Decker peered into the darkness. “Is that a basement?”

“No, there's no basement. I guess the original planners were too worried about floods, this close to the river. There's a crawl space, but that's it.”

“You think anybody could hide in there?”

“Pretty unlikely. It's damp and it's dark and it's suffocating. And you never know when the tide's going to come pouring in.”

“Okay,” Decker said. “Thanks for showing us around.”

Michael Verdant gave him a dry, strong handshake. “Glad I could help. Make sure you come back when we're open for business. You won't believe this place, I can promise you.”

As they walked back to Decker's car, Hicks said, “You want to tell me why we came here?”

“I don't know. I was given a tip-off, that's all. I just wanted to check.”

“What tip-off?”

Decker turned around and looked up at the clock tower and the dormer windows with their red terra-cotta tiles. The station looked more like a palace out of
Grimm's Fairy Tales
than a twentieth-century railroad terminus.

“Do you get any vibrations out of that place?” he asked.


Vibrations?
You mean apart from jackhammering? Like what?”

“Like—I don't know. Like something very bad is hiding there.”

Hicks shook his head. “You should ask Rhoda. She's the one who's into vibrations. Me—well, you know me, Lieutenant. I prefer procedure to witchcraft, any day.”

“In that case, you definitely won't be happy about where we're going next.”

CHAPTER TWENTY-FIVE

He parked outside Moses Adebolu's building and shouted, “Come on, Hicks! You should find this very instructive. It'll take you back to your ethnic roots.”

“What ethnic roots? I was born in Fairview Beach.”

The same kids were playing with rat bones on the steps. Decker took out a pack of fresh-mint gum and gave them a stick each. “Watch my car, okay?”

“So who's this we're going to see?” Hicks asked, dubiously.

They climbed up the creaking stairs. Somebody on the floor above was having a shouting match, and there was a clatter like saucepans being thrown.

Decker said, “You're going to meet Moses. He's a
santero
. One of the best, according to Jonah. Yesterday we sacrificed a rooster and today he's going to give me my
omiero
.”

“What the hell is an
omiero?

“It's my magic antidemon potion. Rooster blood and herbs. I have to take a bath in it and then the great god Changó might forgive me for whatever it is I've done to piss him off.”

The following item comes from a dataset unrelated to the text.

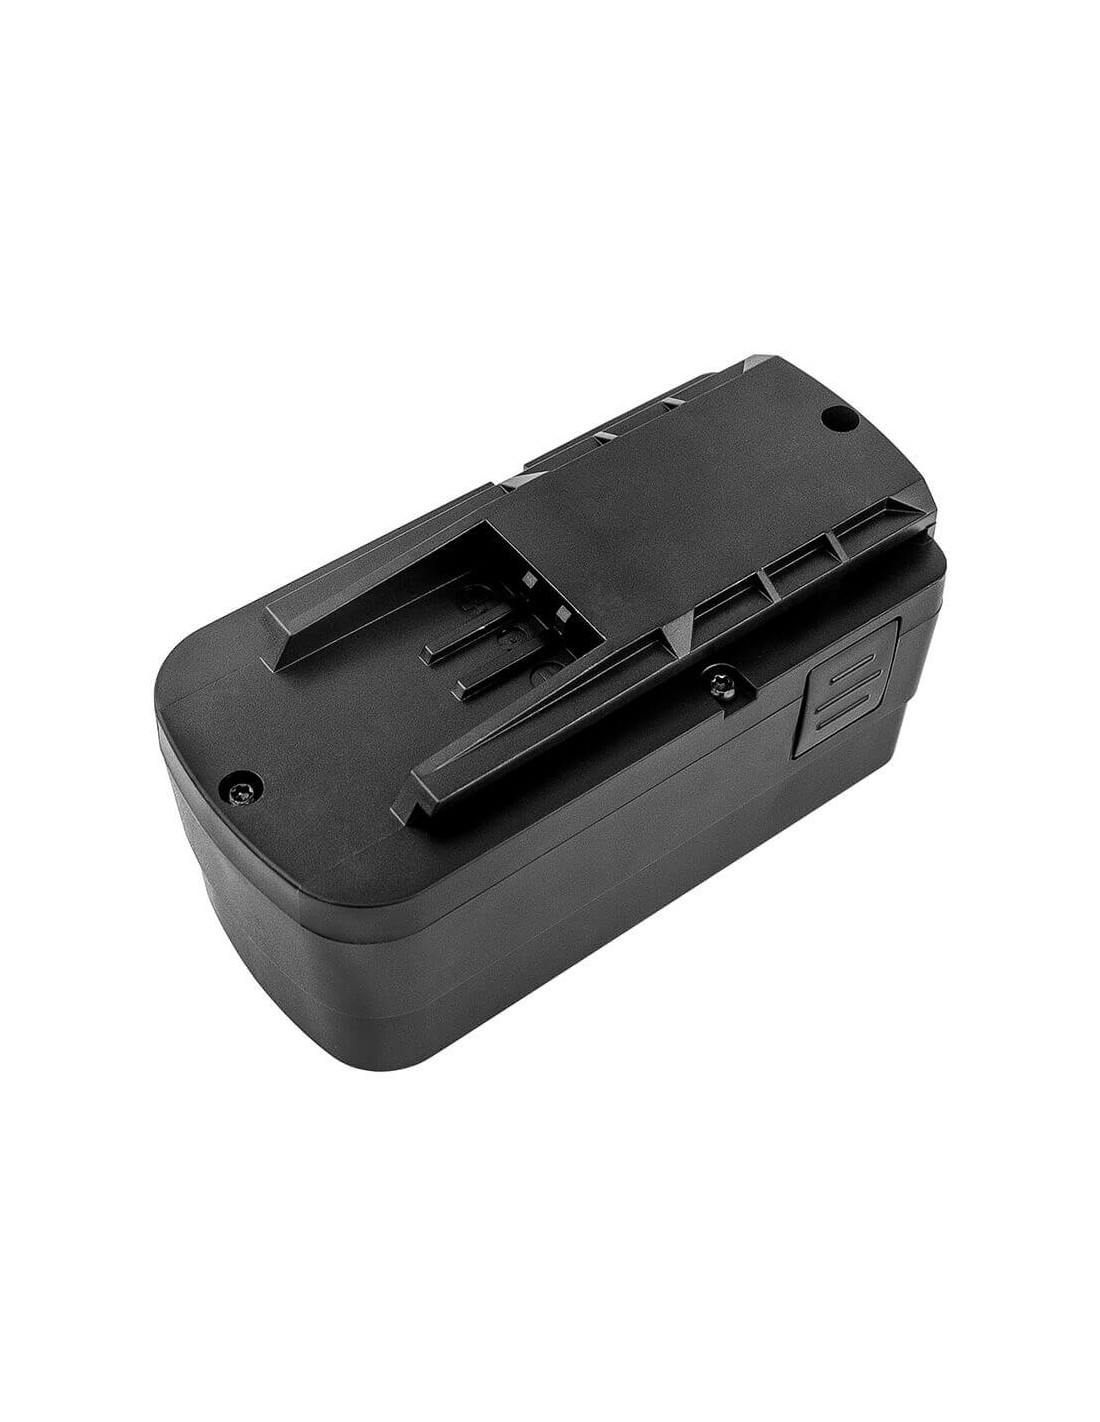 Battery for Festool 398338, 497019, 498336 12V, 2100mAh - 25.20Wh

They had reached the second-story landing, under the headless image of John the Baptist. Hicks stopped and said, “Wait up a second, Lieutenant. Are you
serious
about this?”

“Never more so. You saw that image of Cathy that Rhoda conjured up. Whatever's happening here, it's supernatural, whether we like it or not. Or at the very least it involves some pretty weird influences. So it's no good trying to hunt it down with procedure. It's Santería magic, and that means we're going to have to use Santería magic to find it.”

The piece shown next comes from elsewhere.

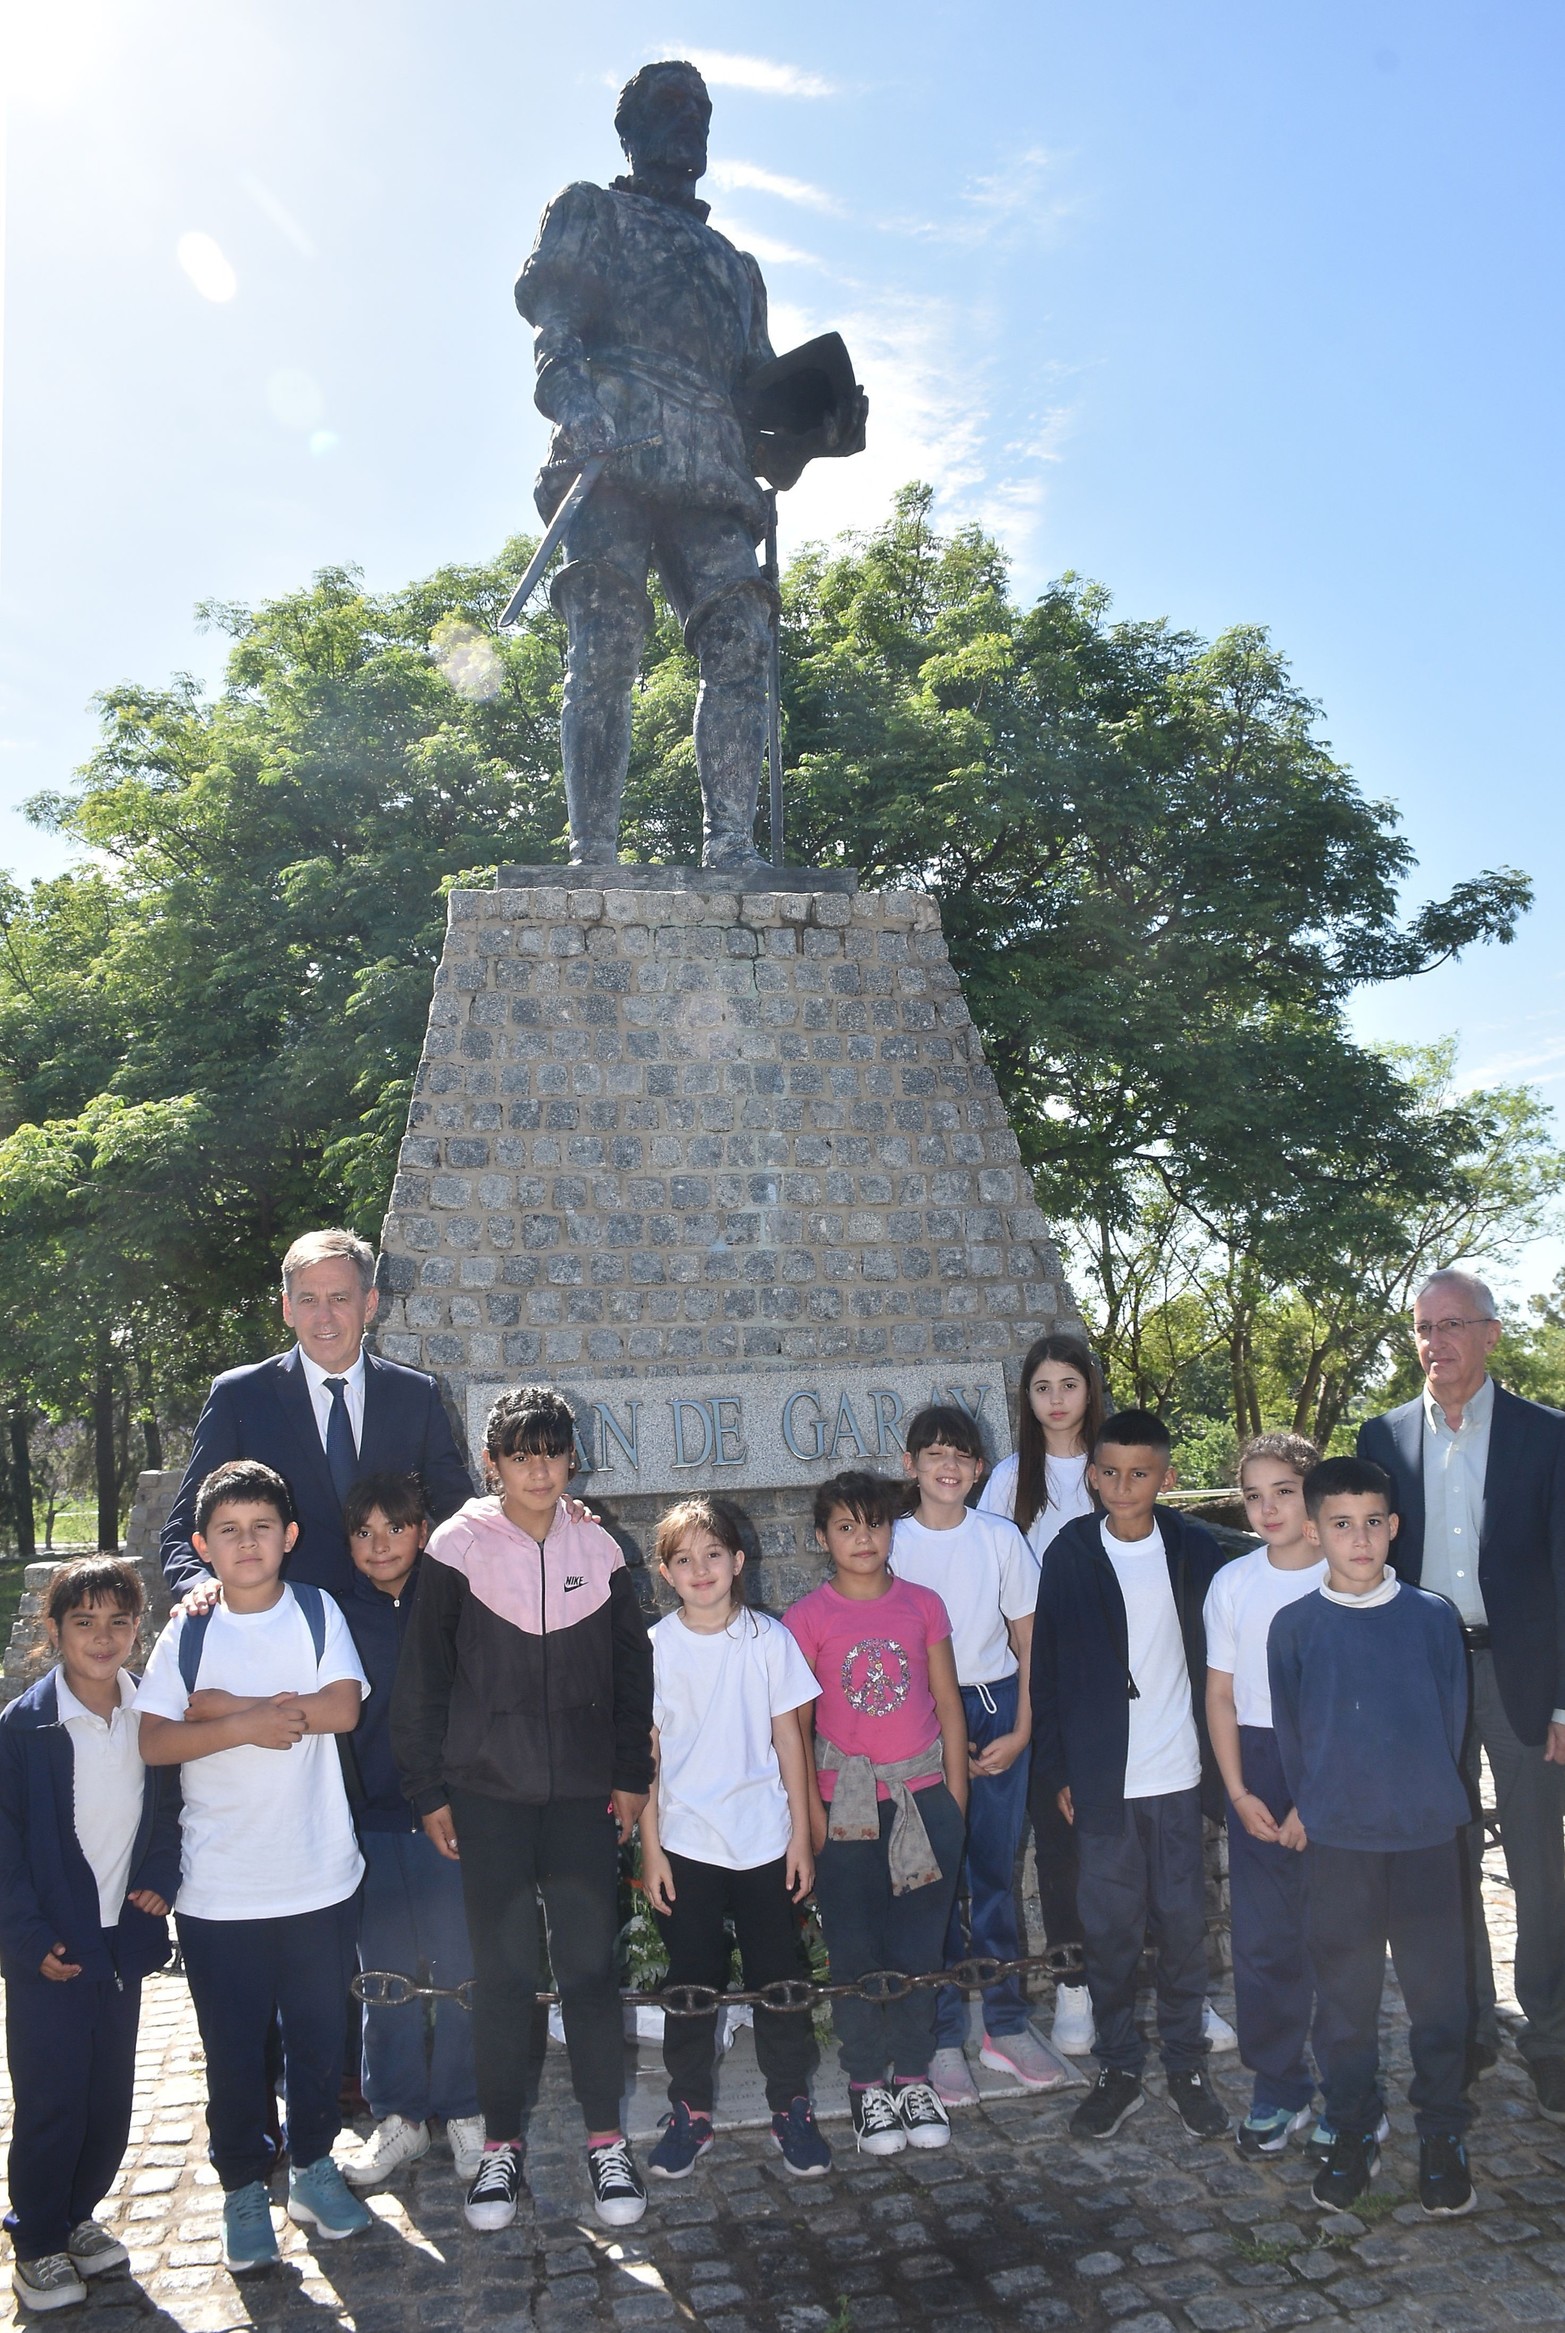 Alumnos de una escuela de Venado Tuerto acompañaron al intendente hasta el monumento a Juan de Garay

“Have you talked to the captain about this?”

“Cab? Uh-huh. It'll only make him sneeze.”

“Well … I know what I saw when Rhoda did that séance, and I'll agree with you that it was something extremely strange. But what are we really talking about here?”

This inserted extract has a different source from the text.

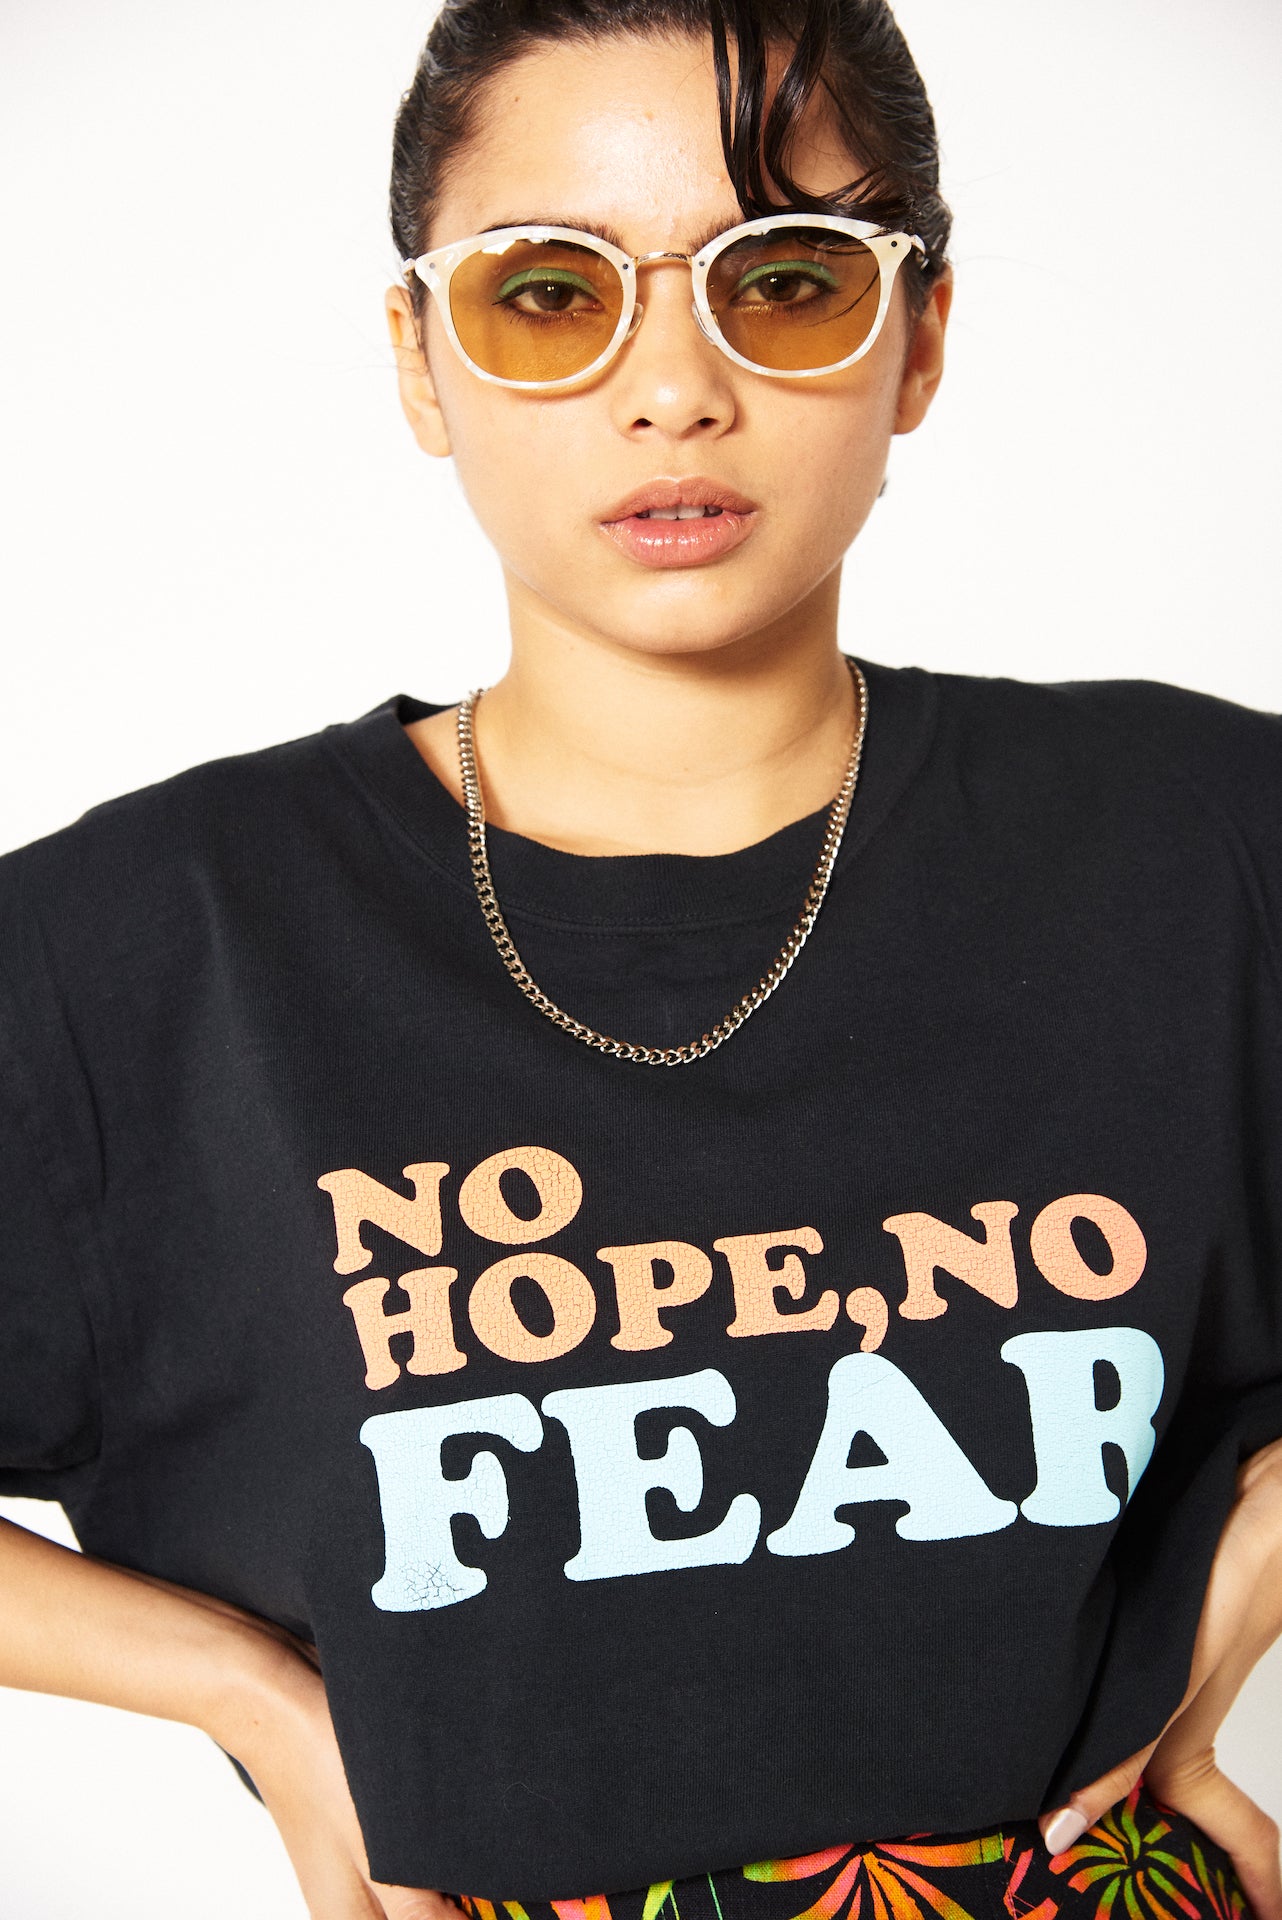 NO HOPE NO FEARビッグTシャツ(ブラック)

Decker laid a hand on his shoulder. “If we can safely believe Moses Adebolu, which from all the evidence I believe we can, then all we are up against is the single most vengeful god in the whole of the Santería religion.”

“And that's his name? Changó?”

“You got it.”

“All right,” Hicks said. “Supposing I go along with this. Supposing it's true. What's this goddamned god so goddamned vengeful about?”

“I have no idea, specifically. But the nightmares I've been having … and the way that the victims were killed … I think it has something to do with the Civil War, and with the Battle of the Wilderness in particular.”